Sequels are rarely half as good as the original film. Matthau and Lennon would prove this at the tale end of their film partnership with THE ODD COUPLE PART II. But it has happened. ANOTHER THIN MAN is as good a film as THE THIN MAN. Vincent Minelli's follow up to FATHER OF THE BRIDE may lack the satire of weddings the original had, but FATHER'S LITTLE DIVIDEND is well made and entertaining in it's own right. And then there is this film. Of the first movie, GRUMPY OLD MEN, I have made a comment elsewhere. GRUMPIER OLD MEN is a neat follow-up, as we find how Max Goldman (Matthau) finds his new mate, Maria Ragetti (Sophia Loren). It also settles the future of Max's son Mayor Jacob Goldman (Kevin Pollak) and John Gustafson's (Lemmon's) daughter Melanie (Darryl Hannah), and gives a bitter-sweet farewell to John's father (Burgess Meredith).

I think the reason the sequel works is that there is a sense of time and continuity here that is not usually found. In GRUMPY OLD MEN, the reactions of Lemmon and Matthau to the death of their close friend Chuck (Ossie Davis), who had only recently been their rival for Ariel (Ann-Margaret) showed them to be human beings - not just two good comic actors trading insults for yucks. Here, it is watching the final scenes of Grandpa Gustafson (ironically Burgess Meredith's final role - and a fittingly good one for that fine actor). In the first film Meredith was always acting like a wild authority figure: over ninety years old, but threatening to tan the hides of the middle aged Matthau and Lennon like they were still kids when he stops them fighting. Here we see him in several guises. He is a loving grandpa - he is seen telling Allie (Katie Sagona) the story of Goldilock and the Three Bears (with his own modern interpolations), and then singing "Dream a Little Dream of Me" to put her to sleep. He is vulgar, but in a loving, sensible way. When Allie swallows a quarter, he suggests that it is normal - all kids swallow or try to swallow coins - and one only should worry if the kid excretes two dimes and nickel. He loves sexual encounters (in the first film he suggests that if Lemmon and Matthau can't get Arial he can!). Here he meets somebody to romance (Anne Gilbert), and they have a nice time together. But it is a brief one. Having reached 95, God finally comes for Grandpa, and his death manages to bring the other characters from cross purpose quarrels to sanity. It also brings the sweet image of Gilbert depositing a rose over the spot that Grandpa's ashes are scattered.

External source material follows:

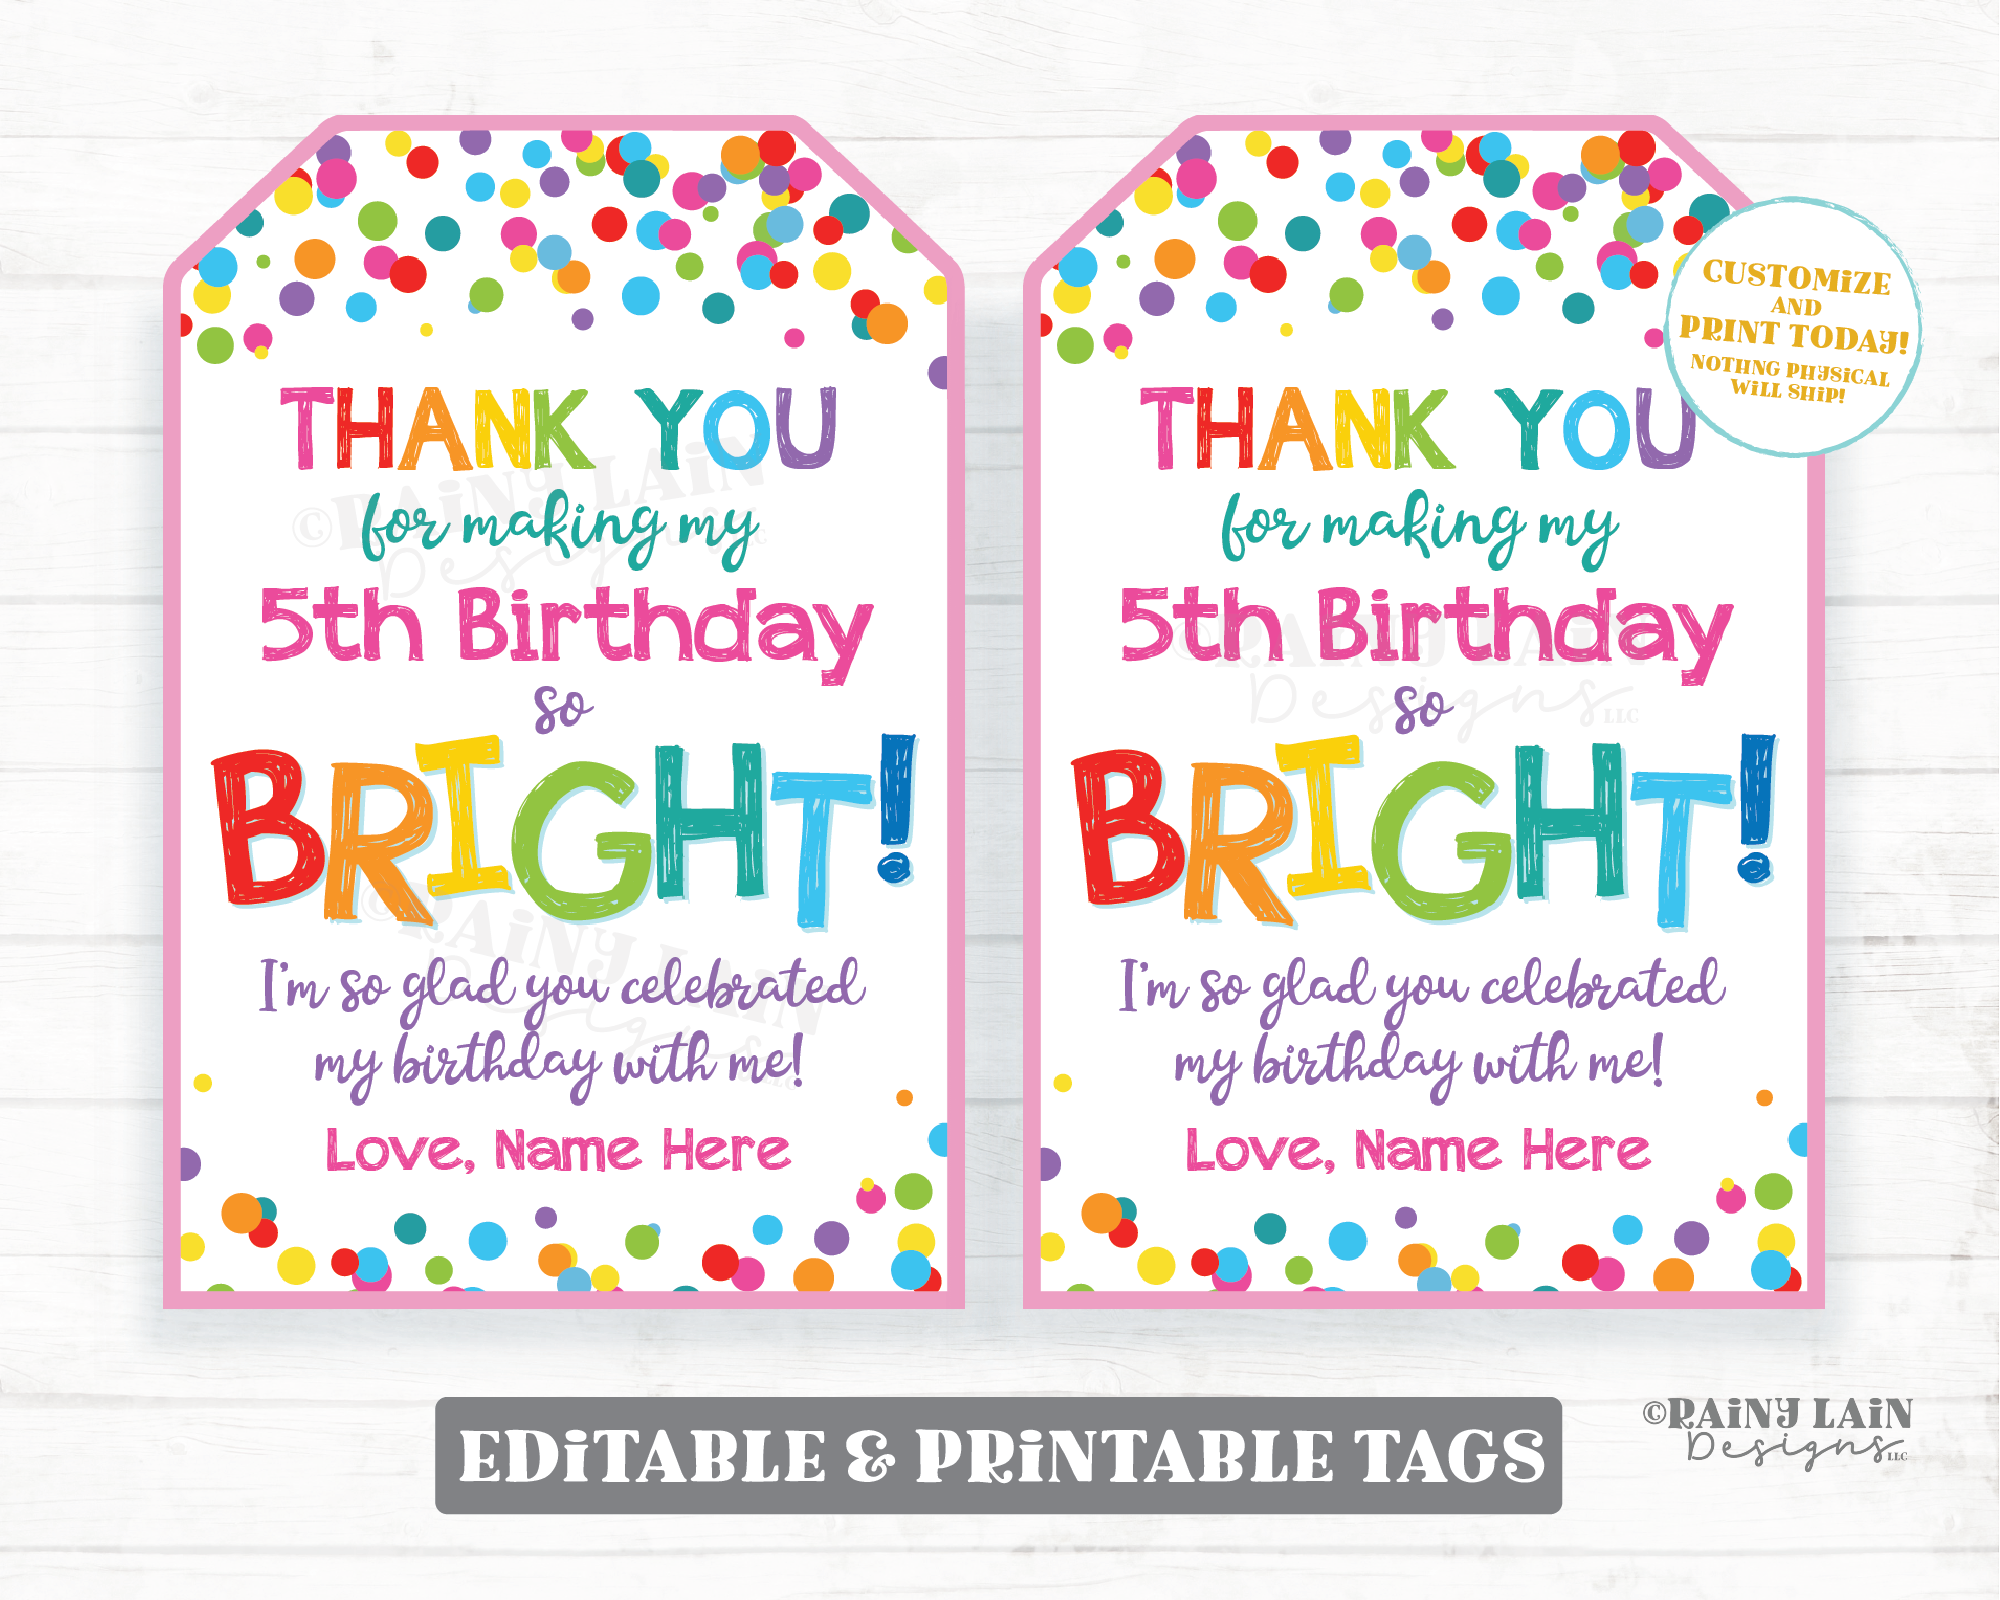 Thanks for Making My Birthday Bright Tag Sunglasses Glow Stick Finger Light Sun Summer Bright Brighten Birthday Party Favor School Party

The continuity theme is also in the portion about "Catfish Hunter" the local lake legendary catfish. Grandpa tells John, at one point, that the catfish was old when he was a boy (which begs the question, why did they name the catfish after a major Yankee baseball player of the 1970 teams? - long after Grandpa's youth). The locals all hope to catch the fish and mount it on their walls. We see it at one point jumping late at night, alone, into the air and back into the late in the glorious moonlight - the monarch of the lake. But at the end, when the catfish is caught by Matthau and Lemmon together, Lemmon (probably influenced by Ann-Margaret, who did the same thing in the first film) gets Matthau to agree to return the catfish to the lake, where it can join Grandpa's ashes. So the legend is returned to it's base.

Even in the final moments of the film, with another marriage and a joke reminiscent of the first film's conclusion, suggests continuity. So there is a type of structural vigor in the two films, that strengthens their stories and increases the viewers pleasure watching them. Yes indeed, this is one sequel that works very well.